Hemiparesis, a one sided muscle weakness [4], spasticity, an increased muscle tone [5], and reduced motor function are the most commonly reported physical impairments post-stroke [6, 7]. Hemiparesis following stroke is commonly more noticeable in distal muscle groups [8]. Maximal dorsiflexor torque of the more-affected (MA) limb can be reduced to as little as 38% of the less-affected (LA) limb [9]. Spasticity develops in 25%–30% of patients and in the lower limbs occurs predominantly in the ankle [10]. Ankle dorsiflexion dysfunction is particularly common due to weakness and spasticity, contributing to walking impairment [11]. Commonly performed rehabilitation techniques usually consist of repetitive active assisted and passive manual movements primarily addressing the MA limb directly [12], because in many cases the impairment of the MA limb is too great to be engaged in active exercise, which also denies the possibility of independent home training as therapist assistance is needed [13]. Innovative rehabilitation techniques that primarily engage the LA limb, such as cross-education and mirror therapy, are increasingly gaining recognition and may have potential to achieve rehabilitative outcomes in the MA limb post-stroke [14].
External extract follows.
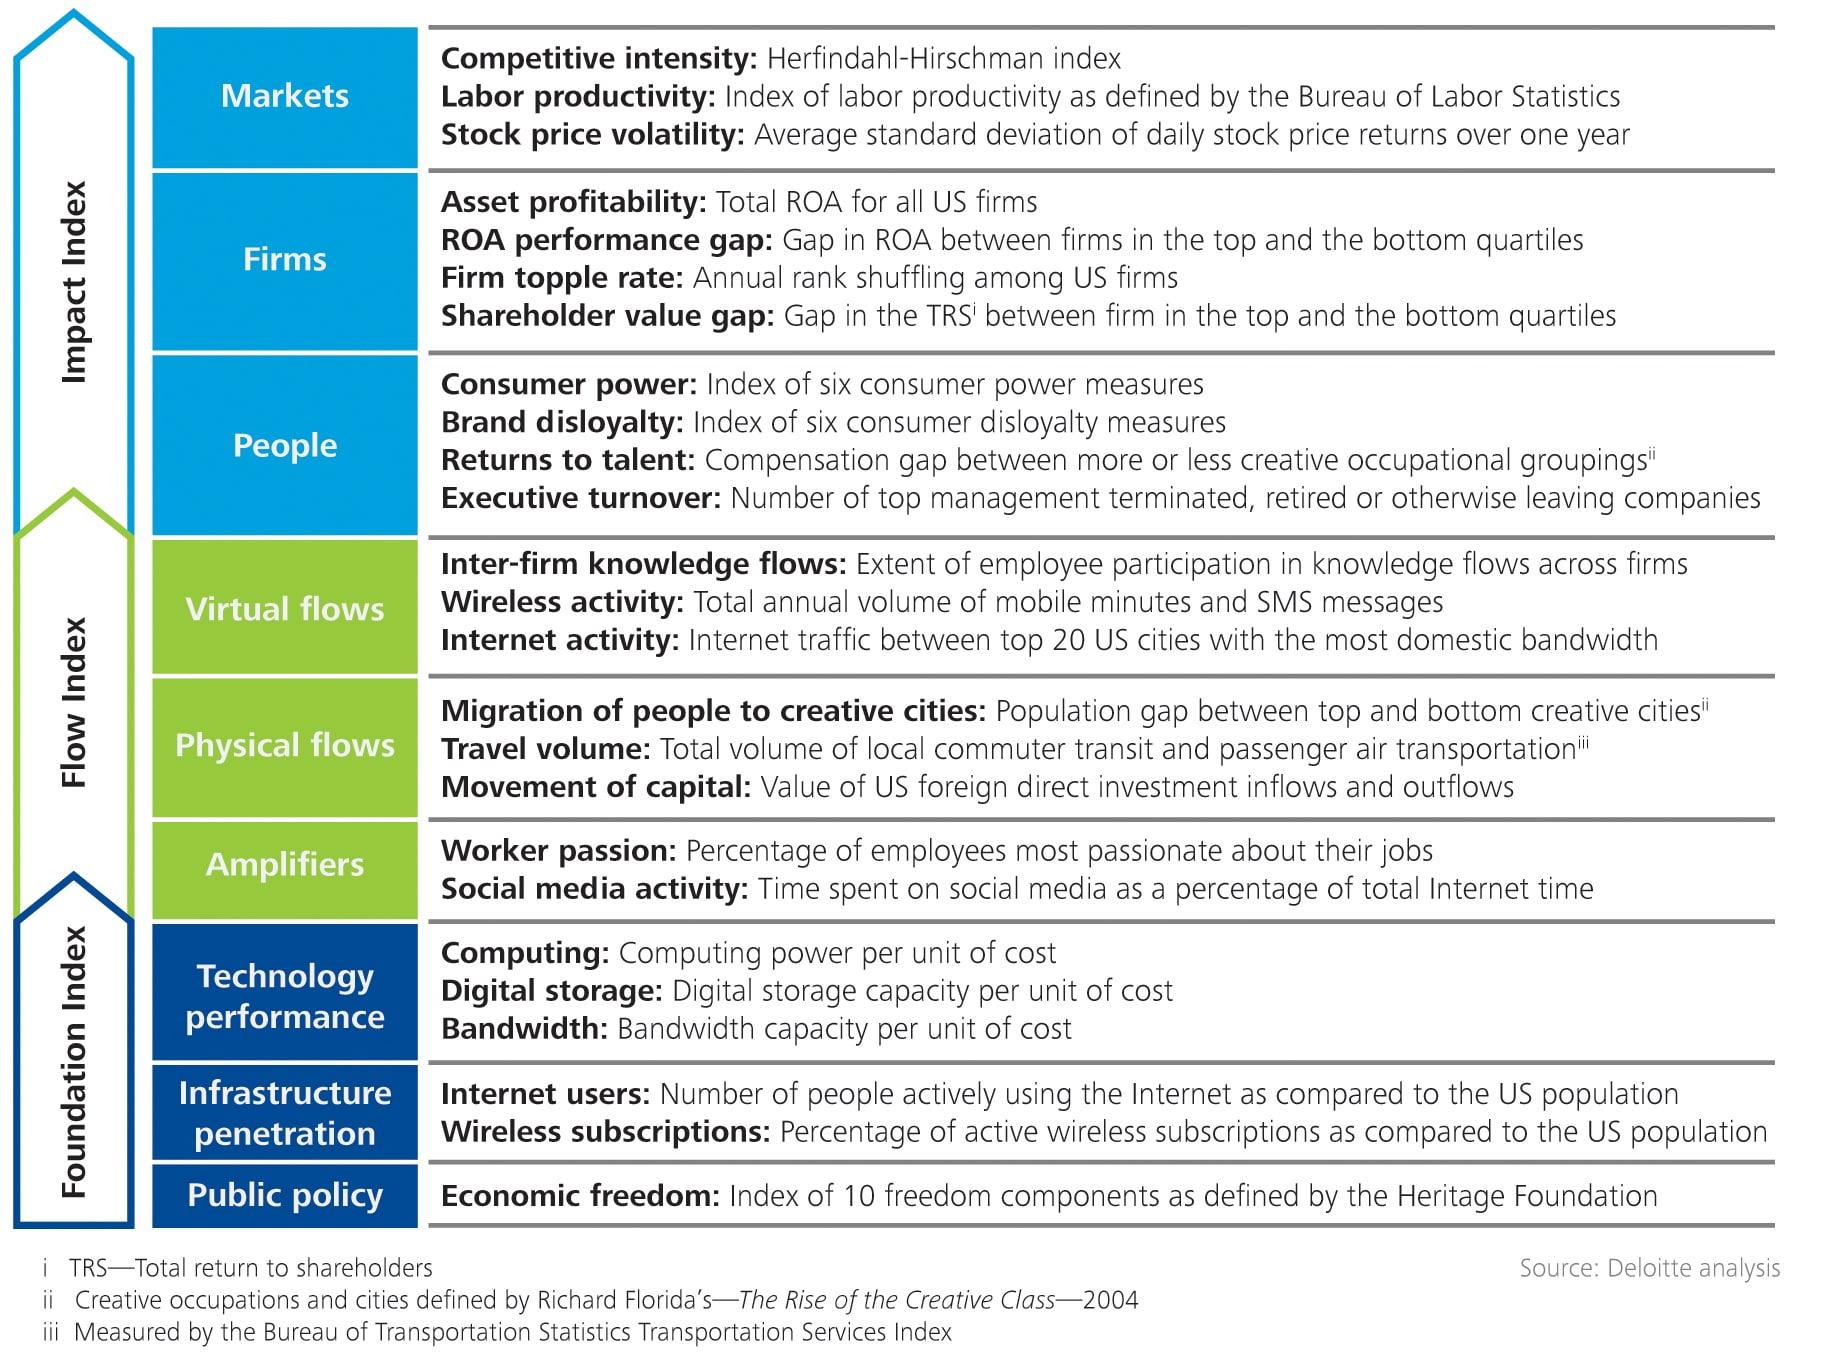 2013 Shift Index metrics: The burdens of the past | Deloitte
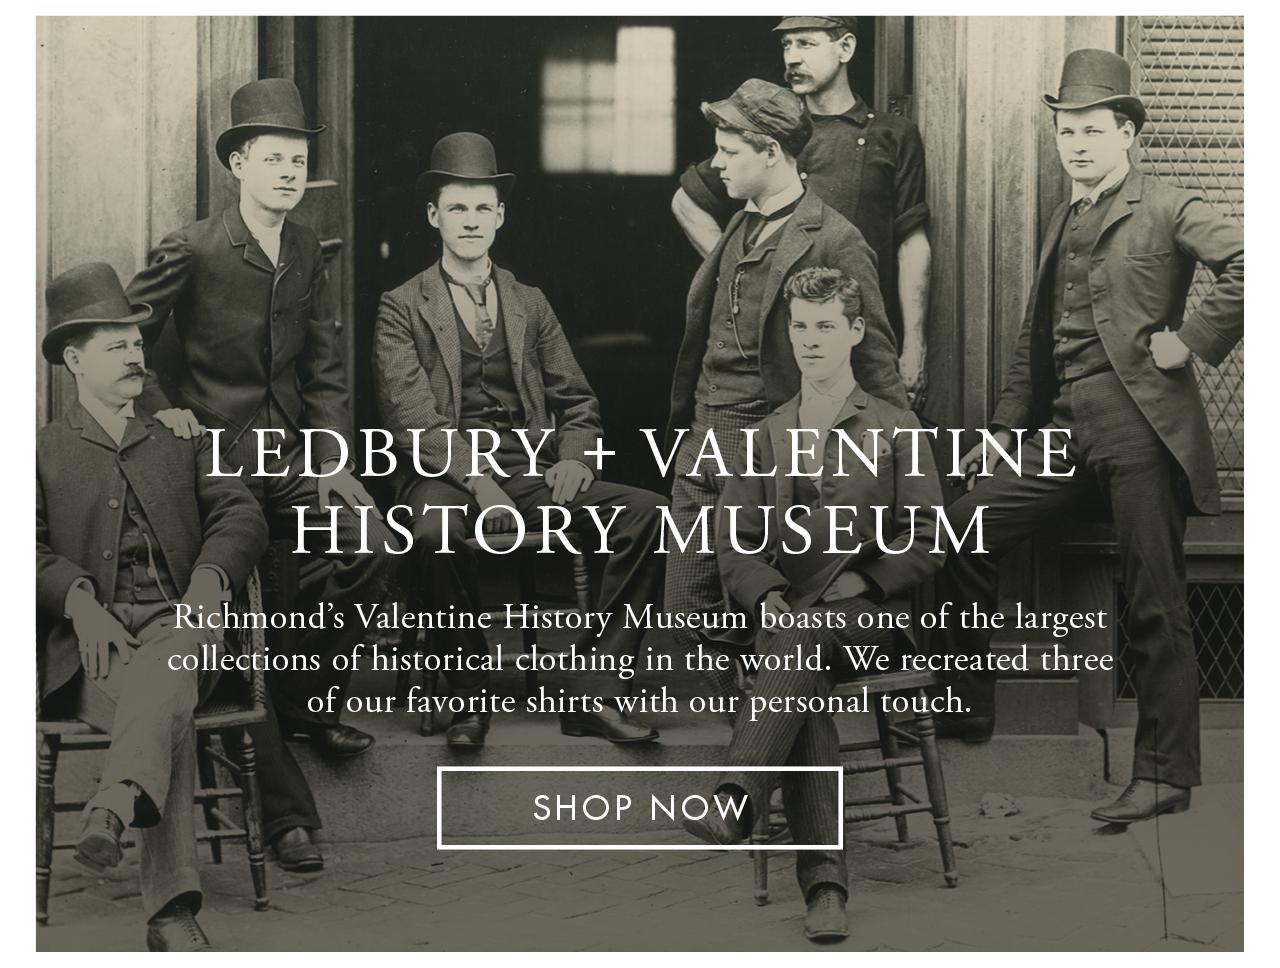 Ledbury + The Valentine Museum

Cross-education, the performance improvement in the untrained homologous muscle after unilateral exercise [15], was first described by Scripture et al. in 1894 [16]. Cross-education of strength involves applying a unilateral strength training programme to a specific set of muscles with the aim of achieving bilateral strength gains in both the trained and the matching contralateral untrained muscle [17]. A recent review of the literature [18] found definite evidence supporting the existence of the phenomenon of cross-education with the average degree of strength increase for the untrained limb being 11.9% of initial strength. A healthy person usually trains limbs bilaterally in an attempt to improve strength or function. However, from the perspective of rehabilitation, cross-education may provide a way to benefit recovery after unilateral orthopaedic injury or neurological damage [17]. It is thought that adaptations mediating cross-education occur primarily on a neurological level, rather than a muscular level, and increased activation in the untrained motor cortex results in increased neural drive through the motor pathway to the contralateral untrained limb [19].
The use of cross-education as a treatment option for the lower extremity in stroke rehabilitation is a relatively new concept. Dragert & Zehr [20] were the first to investigate the phenomenon in the stroke population, reporting strength increases of 34% in the trained limb and 31% in the untrained limb after six weeks of maximal isometric contractions. They also report a positive effect on motor function with significant improvements in Timed Up and Go (TUG) scores. Although the study did not find significant improvements in spasticity, previous studies have reported a reduction in contralateral H-reflex excitability during unilateral training [21, 22]. A recent systematic literature review [23] supports the findings and concludes that cross–education can be effective in the lower extremity post-stroke.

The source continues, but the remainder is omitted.